An International Journal of Medical Sciences

Research Article - Biomedical Research (2018) Volume 29, Issue 3

Effect of sulfur-fumigated Rhizoma dioscoreae on organ morphology and function in rats

Yihao Jiang*, Daiquan Jiang, Pengfei Wang, Keqin Wu, Xue Wang, Wengqing Ai, Zhibiao Yu and Lifang Liu

School of Environmental and Chemical Engineering Resources, Nanchang University, Nanchang, PR China

*Corresponding Author:
Yihao Jiang
School of Environmental and Chemical Engineering Resources
Nanchang University, PR China

Accepted date: November 02, 2017

DOI: 10.4066/biomedicalresearch.29-17-2703

Visit for more related articles at Biomedical Research

Abstract

Objective: Sulfur fumigation is used to preserve Rhizoma Dioscoreae (RD), a traditional medicinal herb, but excess consumption of SO2 residues may be toxic. We compared effects of sulfur-free versus sulfurfumigated RD concentrated aqueous extracts on rat blood biochemistry and organ morphology.

Methods: Rats were randomly divided to receive sulfur-fumigated RD or sulfur-free RD aqueous extract (20 g/kg, intragastric, 90 d) or distilled water (control). Body weight and food intake were recorded weekly. Blood samples were collected 12 h after final administration and histopathological examinations performed.

Results: Body weight did not differ among groups (P>0.05). Blood Alanine Aminotransferase (ALT), Aspartate Aminotransferase (AST), Total Cholesterol (TC), and Glucose (GLU) were lower in the sulfur-free group versus controls (P<0.05). GLU and TC were also reduced but AST and ALT elevated in the sulfur-fumigated group. In the sulfur-fumigated group, organ coefficients for lung and thymus (P<0.05) as well as spleen and kidney (P<0.01) were higher than controls. In the sulfur-free group, only thymus organ coefficient was significantly greater than control (P<0.05). Histopathology revealed multiple focal fatty infiltrations in duodenum muscle (two rats) and punctate liver necrosis (four rats) in the sulfur-fumigated group.

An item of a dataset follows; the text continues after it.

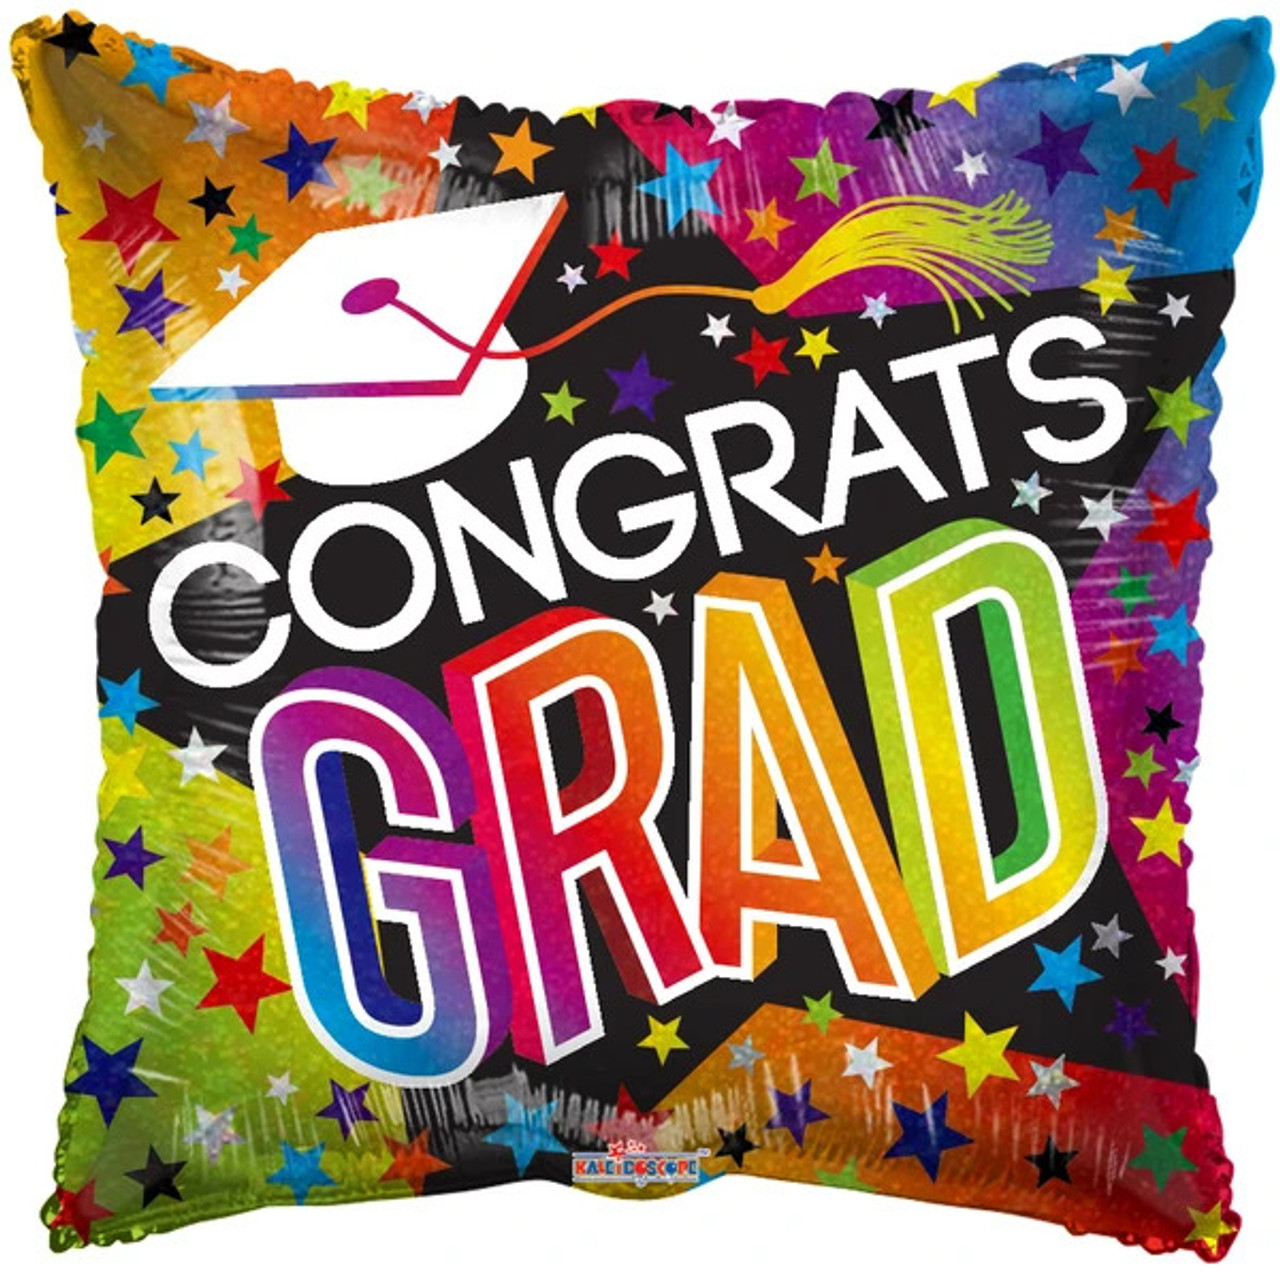 New! 30 Inch Giant Red Congratulations Graduate Magnetic Car Bow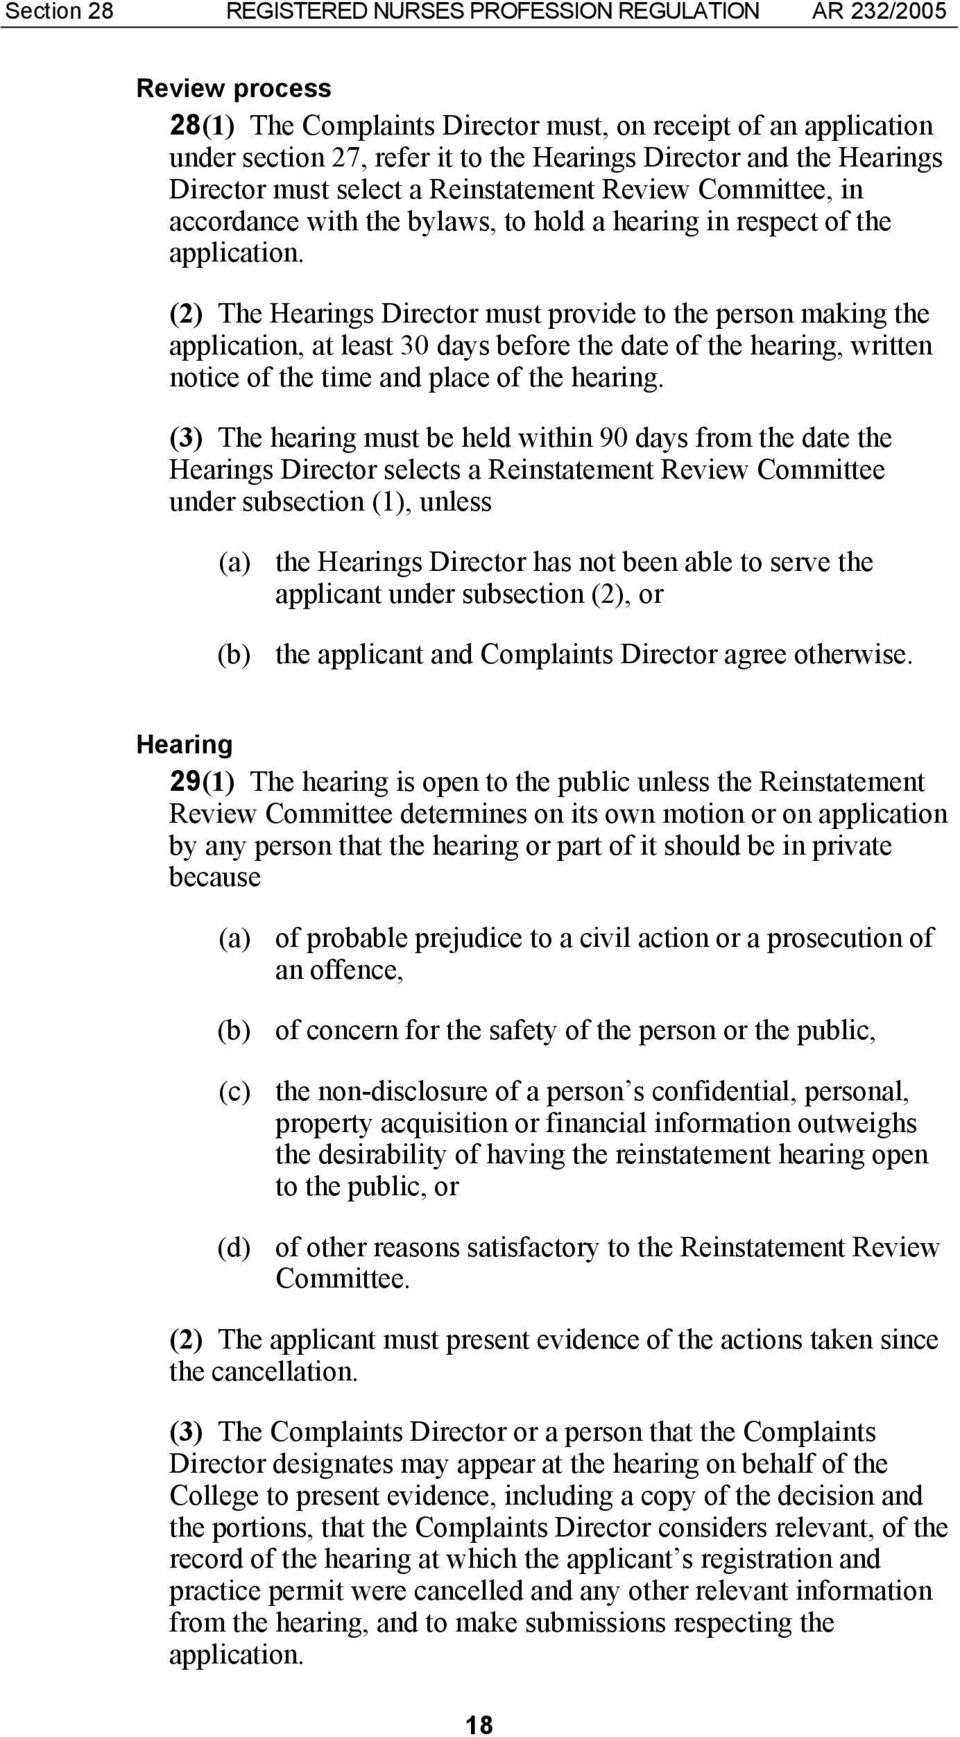 (2) The Hearings Director must provide to the person making the application, at least 30 days before the date of the hearing, written notice of the time and place of the hearing.

Conclusion: Long-term sulfur-fumigated RD consumption may cause liver damage.

Keywords

Rhizoma dioscoreae, Sulfur fumigation, Morphology of organ, Function

Introduction

Rhizoma Dioscoreae (RD) is the dried rhizome of Dioscorea opposita Thunb. In Traditional Chinese Medicine (TCM), RD is widely prescribed for yang deficiency of spleen and kidney, to treat consumptive cough and dysentery, as an aid for digestion and gastric motility, and for restraining nocturnal emissions [1]. Fresh RD is prone to browning because of Polyphenol Oxidase (PPO) and Peroxidase (POD) oxidation [2,3], resulting in poor product appearance. In addition, RD is rich in mucus and difficult to dry, so sulfur fumigation is often used in processing. After sulfur fumigation, RD is bright white, fast drying, easy to shape, and less prone to mildew. Thus, sulfur fumigation greatly extends product shelf-life. However, massive use of sulfur fumigation can lead to excessive SO2 residues on the surface. Sulfur dioxide and its derivatives can enter the blood and damage the respiratory and cardiovascular systems [4,5]. Moreover, studies have shown that some active ingredients of Chinese herbal medicines are chemically altered after sulfur fumigation [6,7].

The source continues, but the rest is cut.